Prisig’s premise is that Quality underlies all things and is the source of value. It’s the style that gets you; technological ugliness syruped over with romantic phoniness in an effort to produce beauty and profit by people who, though stylish, don’t know where to start because no one has ever told them there’s such a thing as Quality in this world and it’s real, not style. Quality isn’t something you lay on top of subjects and objects like tinsel on a Christmas tree. Real Quality must be the source of the subjects and objects, the cone from which the tree must start.

This is all illustrated by Pirsig in the way he maintains his motorcycle, becoming familiar with it on all levels so that not only can he tell instinctively when a part needs replacing, but he can replace it or even, when necessary, manufacture the replacement part himself. He pictures a person who understands his philosophy like this: Or if he takes whatever dull job he’s stuck with — and they are all, sooner or later, dull — and, just to keep himself amused, starts to look for options of Quality, and secretly pursues these options, just for their own sake, thus making an art out of what he is doing, he’s likely to discover that he becomes a much more interesting person and much less of an object to the people around him because his Quality decisions change him too. And not only the job and him, but others too because the Quality tends to fan out like waves.
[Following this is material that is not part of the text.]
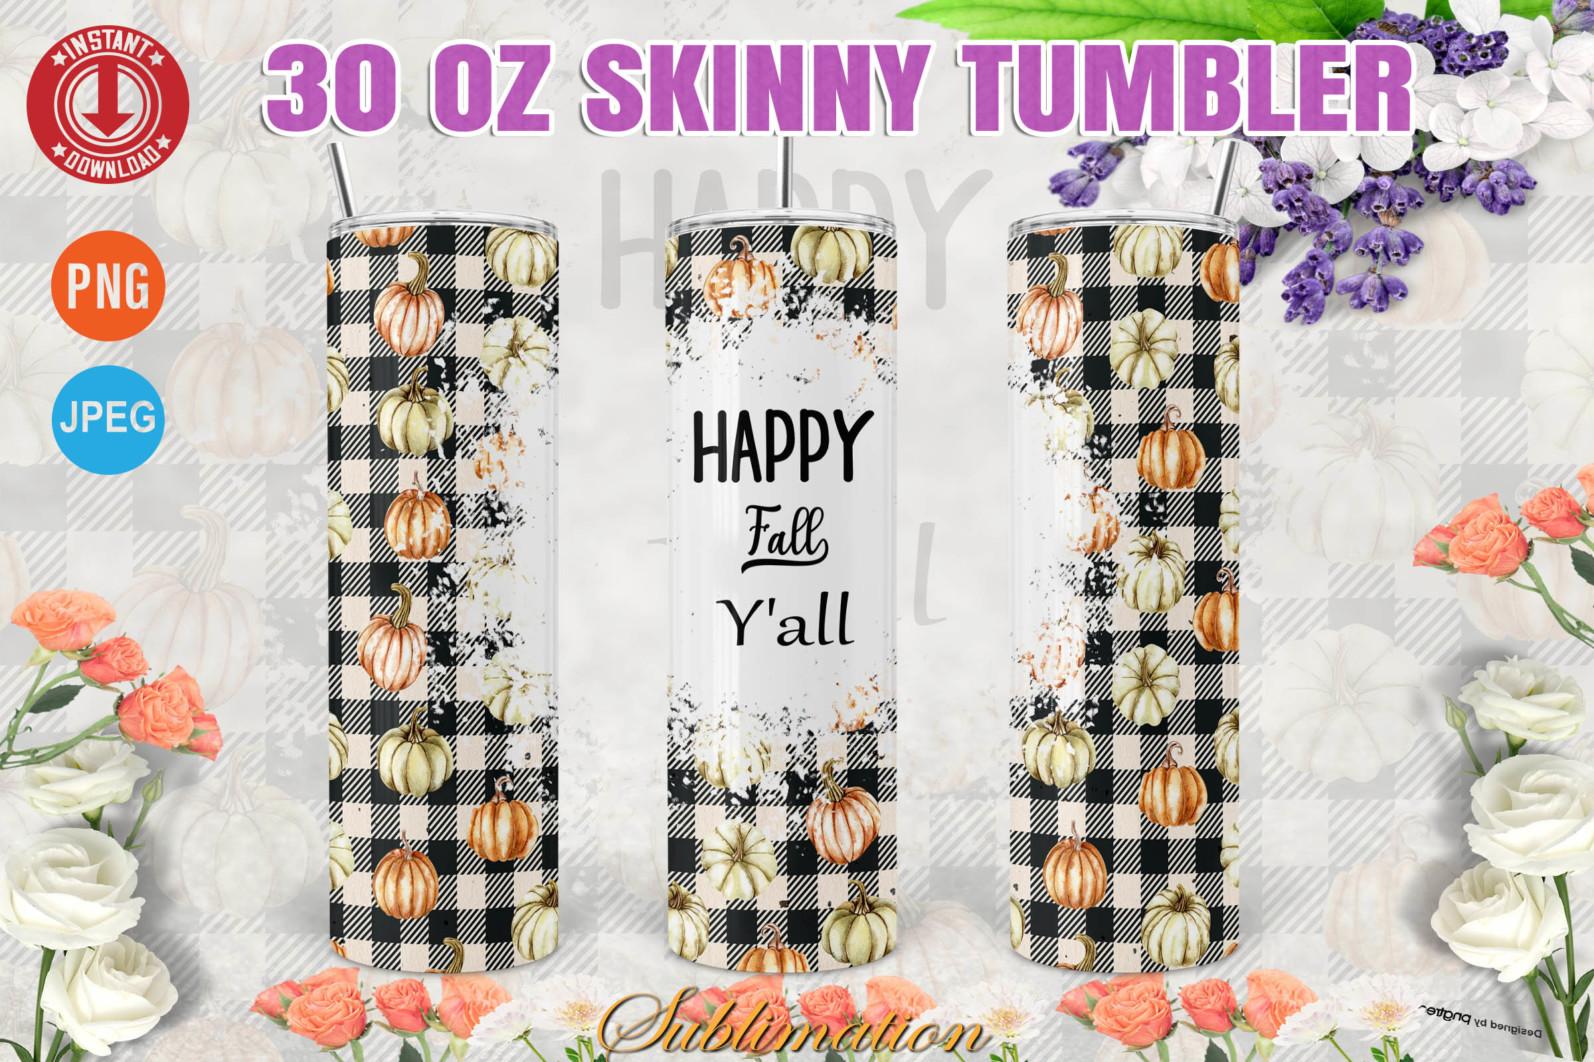 Happy Fall Y'all Plaid 30oz Skinny tumbler Thanksgiving - PHOTOSHOP30ozSkinnyWrap copy 1 -

This “Quality,” which Pirsig says can be traced in the thinking of all the great philosophers, becomes his god. It’s all rather sad. In an afterword, written 25 years later, Pirsig brings the story up to date. The book was a best-seller because “The whole culture happened to be looking for exactly what this book has to offer.” But Pirsig “goes on living, more from force of habit than anything else.” Chris was murdered outside a Zen center in San Francisco. Pirsig’s first wife left him. His second wife got pregnant and he and she decided to abort the child until Pirsig realized it was the reincarnation of Chris. Very sad indeed.

The book was published in 1974, and so must have been assigned to me during my Junior year. I remember reading the first two or three chapters and being totally bored. Now that I’ve read the whole thing, I think it would be a rare high schooler indeed who could follow it. And among those who could follow it, I imagine it would be a very few who would find it interesting. And for those who would find it interesting, I think it would probably be dangerous.

But there you have it. A few weeks shy of my 52nd birthday, I have finally completed high school.